Drôle de match que le confinement quand on est sportif ou sportive de haut niveau. Le club cycliste du Sco Dijon, inaugure ici notre chronique sur le sujet. Tour d’horizon avec son manager général Denis Repérant, qui s’efforce de guider le peloton avec panache.

La Classique Rougeot (ex Dijon-Auxonne-Dijon) n’aura pas lieu au printemps mais bien en 2021. ©ERIC BONTEMPS

Par Michel Giraud

Un petit tour et puis s’en vont… Le 8 mars dernier, les cyclistes du Sco Dijon ont mis pied à terre. Saison suspendue après quelques semaines seulement. « Certains n’ont qu’une seule course au compteur, constate, amer, Denis Repérant. Par rapport à beaucoup de sports, nous sommes en saison décalée. On commençait à peine les courses. Tout était devant nous, jusqu’en octobre ou novembre. »

Ce qui laisse encore quelques motifs d’espoir pour 2020, quand d’autres disciplines actent déjà la fin de la saison. « Notre fédération a arrêté les épreuves jusqu’au 1er juin. Les coureurs gardent pour l’instant une motivation intacte et s’entraînent chaque jour malgré le confinement », détaille le manager général du club d’Élite Nationale, l’antichambre des équipes pros du cyclisme sur route.

Le boom des applis

Un entraînement à domicile, forcément, qui se vit sur home trainer (ndlr, le plus souvent, un vélo fixé avec roue arrière surélevée, ou bien un vélo libre sur rouleaux) et avec un programme de renforcement musculaire fourni par l’entraîneur. « Sur la semaine à venir, ils ont 17 heures de sport, soit une véritable charge de travail, basée sur du gainage un jour sur deux, des entraînements quotidiens. À cela s’ajoutent quelques compétitions virtuelles, pour un peu plus d’intensité. »

Pour de nombreux cyclistes, ce confinement aura marqué le boom des applications de courses virtuelles. Chaque jour, ils sont des milliers à travers le monde à se retrouver, pour palier le manque et en découdre un peu. « Ça se travaille différemment, on reste sur du virtuel, tempère Denis Repérant. Il n’y pas le phénomène tactique et les distances sont plus courtes. Sur home trainer, c’est maximum 2 heures de vélo, loin du format habituel. » 

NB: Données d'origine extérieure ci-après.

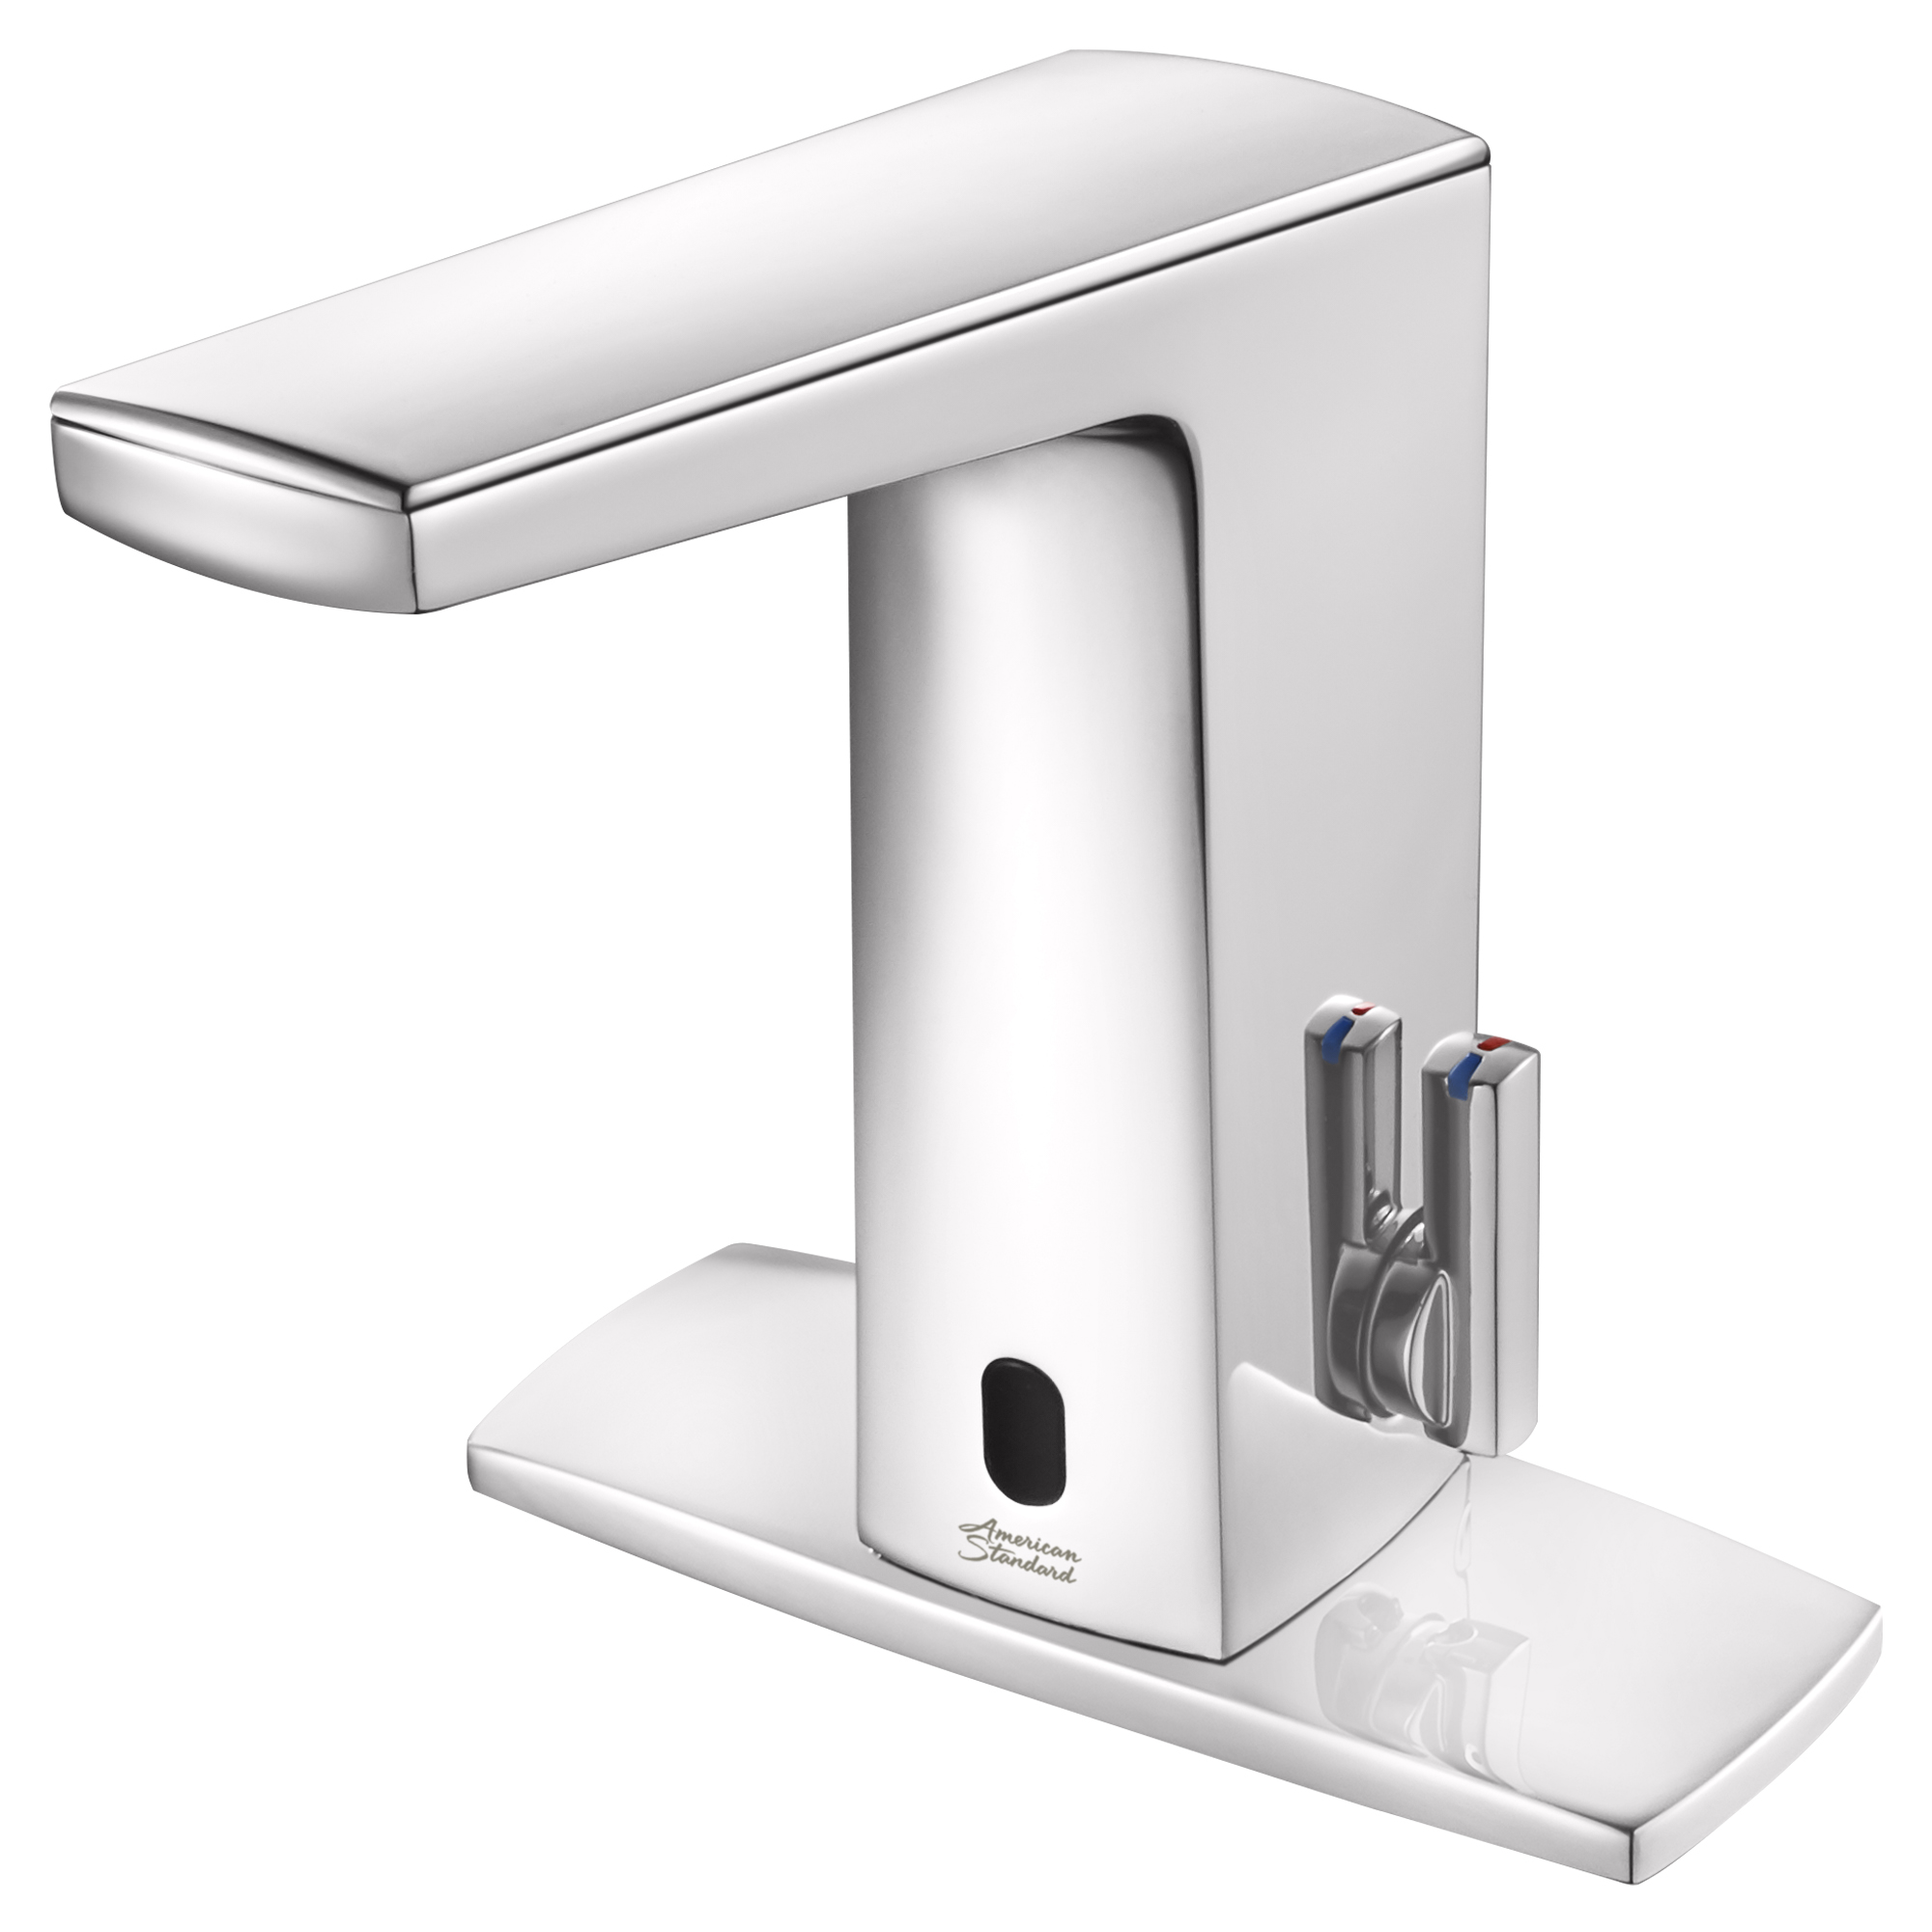 Paradigm™ Selectronic™ Touchless Faucet, Base Model With SmarTherm Safety Shut-Off + ADM, 0.35 gpm/1.3 Lpm

Denis Repérant, manager du Sco depuis dix ans ©MICHEL GIRAUD

Objectif Tour de Côte-d’Or

Cette semaine, le Sco organisera une ou deux séances collectives en visio. Une première. Coureurs et staff y participeront, pour le plaisir de se voir, « éviter de péter un câble en ce qui nous concerne, car le staff souffre aussi. On travaille tout l’hiver pour partir sur les compétitions… Aujourd’hui, on pense forcement au retour sur la route, même si le déconfinement sera progressif, on le sait bien. Plus tard, une dérogation pour rouler 3 ou 4 h en individuel, dans la campagne, avec mesures de protection, ce serait bien. Il y a de l’enjeu : certains cherchent à passer pro, d’autres veulent conserver leur contrat. On espère être entendus. » 

En attendant, les coureurs prennent leur mal en patience. Sans le sentiment d’une pression exacerbée, promet leur manager : « On n’est pas tous les jours derrière eux, on regarde ce qu’ils font via les réseaux sociaux, un contact une à deux fois par semaine… Ça ne sert à rien d’en rajouter. Je crois que dans tout ça, ils vont en sortir plus forts. » Les deux compétitions printanières organisées par le club dijonnais, la Maggioni Classique et la Rougeot Classique, ont été reportées à 2021. « On espère vraiment sauver le Tour de Côte-d’Or, du 10 au 12 juillet », souffle Denis Repérant. Si tel est le  cas, tout le monde aura des fourmis dans les jambes.